Reply #4493 on: March 08, 2012, 07:41:44 PM

First few books are all pretty solid. The Amish Lesbian Bondage and other various wheel-spinning techniques don't kick in until book 7 or so.

I've read up to book 5 before.  I just want to see if I can finish the whole damned series. 
Sky
Terracotta Army
Posts: 32117

I love my TV an' hug my TV an' call it 'George'.


Reply #4494 on: March 09, 2012, 07:03:00 AM

Finished Zahn's Outbound Flight, a prequel to his Thrawn trilogy. Pretty decent though the inclusion of Aniken is thankfully token. Going to try a couple mediocre looking books at that point in the timeline. My basic plan right now is to read through the rest of Zahn's SW stuff, but starting the Thrawn dualogy was a bit spotty because he references what happened in the interim.

Fiancee has some money to spend and SW books circ like mad, so we'll probably be buying some more. She won't boycott Kemp despite my petition. And looking through the stacks, even Salvatore crapped one out, heh.

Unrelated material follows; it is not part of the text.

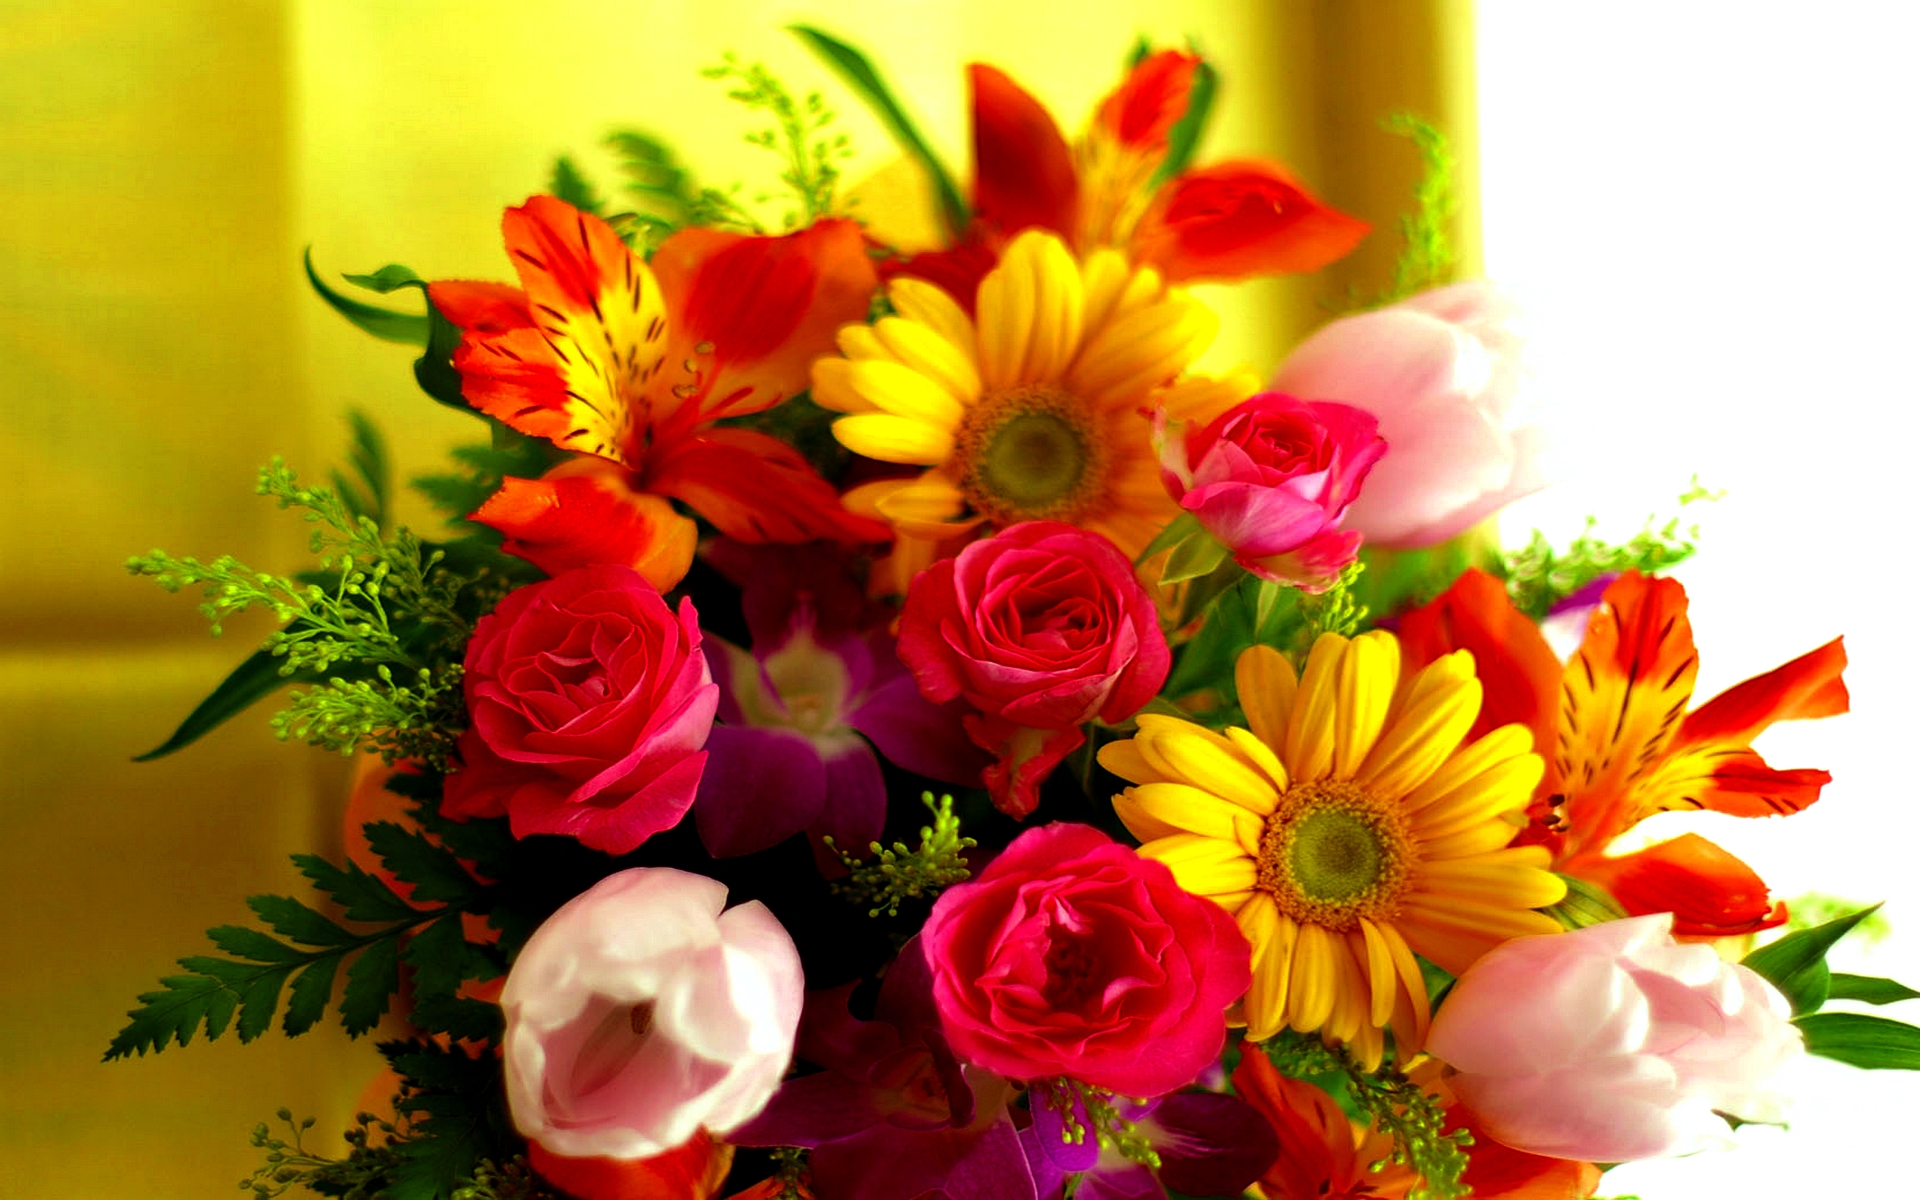 flowers-beautiful-flowers-bouquet-hd-wallpaper-beautiful-flowers-bouquet-beautiful-flower-bouquet-scraps-beautiful-flowers-bouquet-wallpapers-beautiful-flower-bouquets-for-weddings-beautiful-flower-bo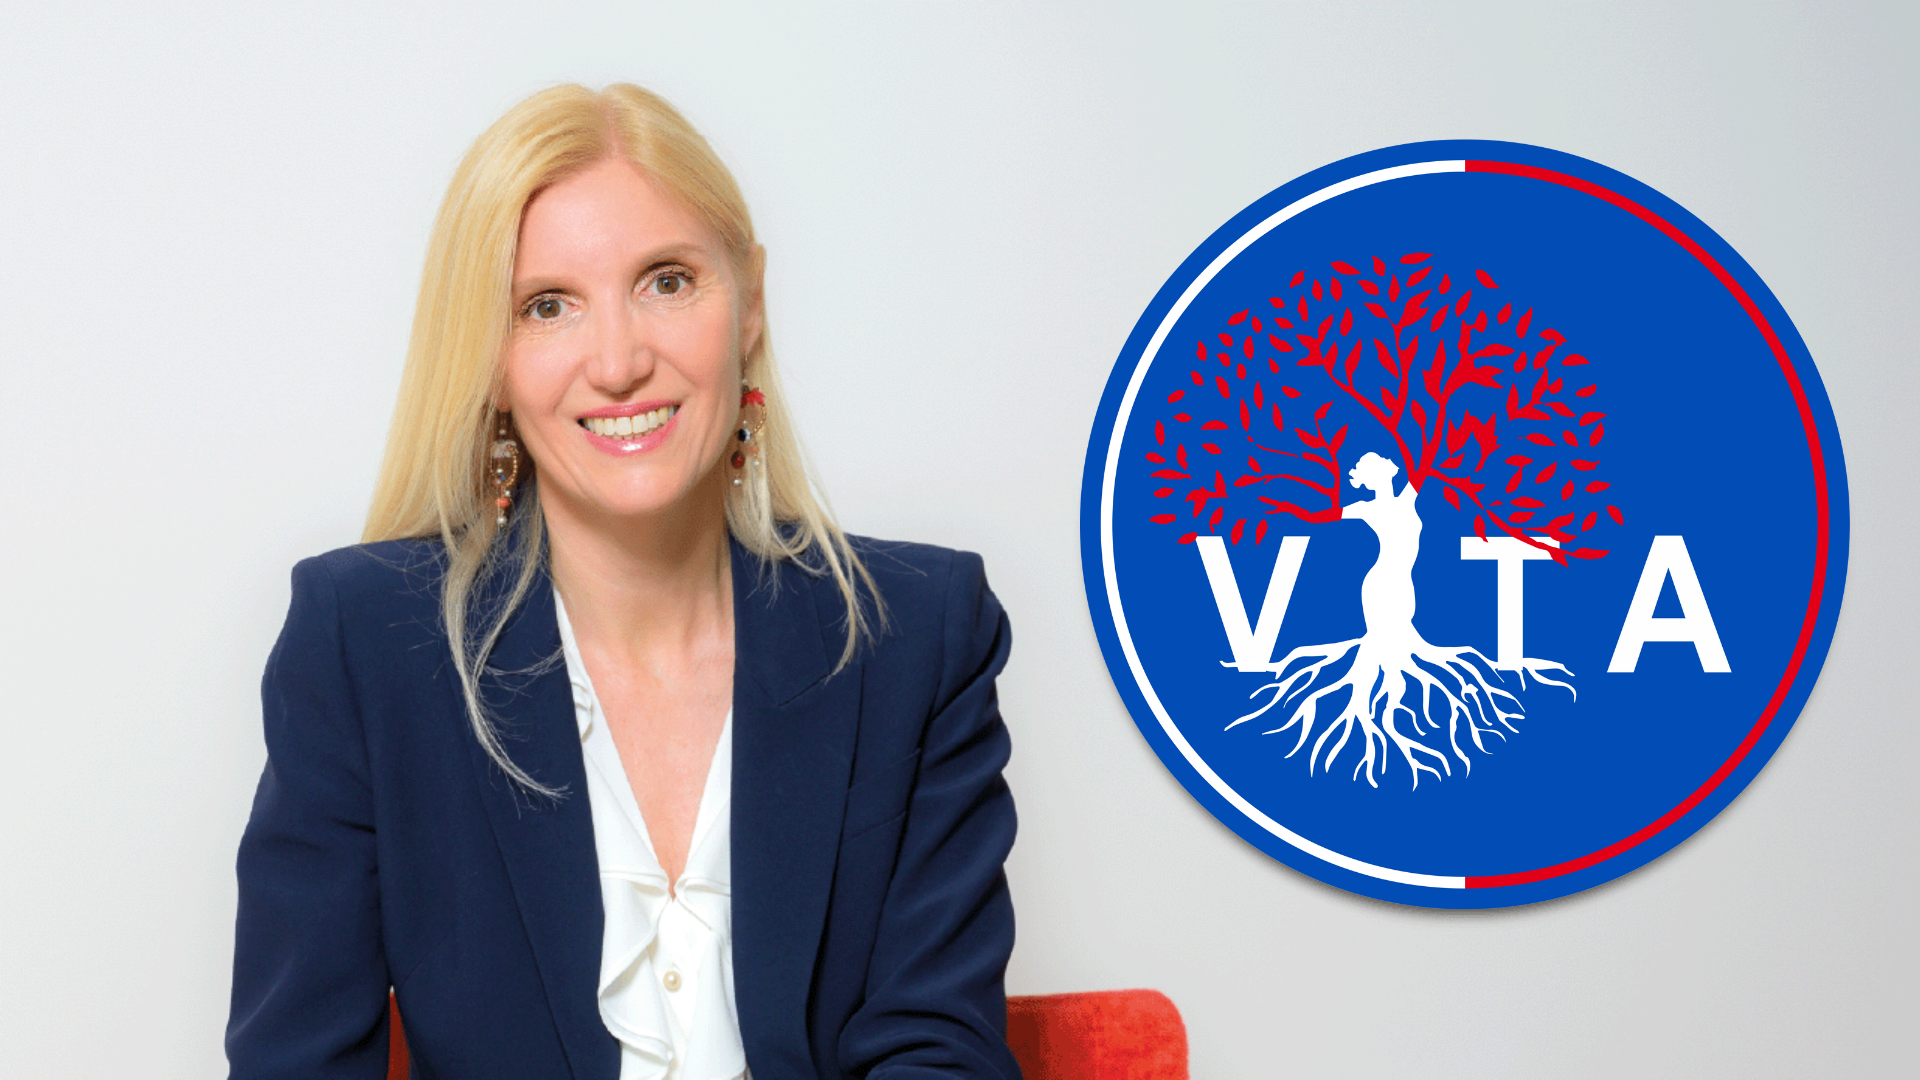 VITA, Renate Holzeisen Landeshauptfrau-Kandidatin für die Autonome Provinz Bozen

We're in a weird place where our budget is slashed to the bone but we're getting in so many memorials we have to struggle to spend it (the budget line). Looking over our sci-fi/fantasy is basically like looking over this thread :) We even have Haemmy!
Ironwood
Terracotta Army
Posts: 28240


Reply #4495 on: March 09, 2012, 07:08:53 AM

Outbound flight was waaaaaay too much like Teenage Girl with Crush on Thrawn writing for me.

"Mr Soft Owl has Seen Some Shit." - Sun Tzu
Thrawn
Terracotta Army
Posts: 3089


Reply #4496 on: March 09, 2012, 07:17:00 AM

Outbound flight was waaaaaay too much like Teenage Girl with Crush on Thrawn writing for me.

Is it sad that this makes me more interested in reading it?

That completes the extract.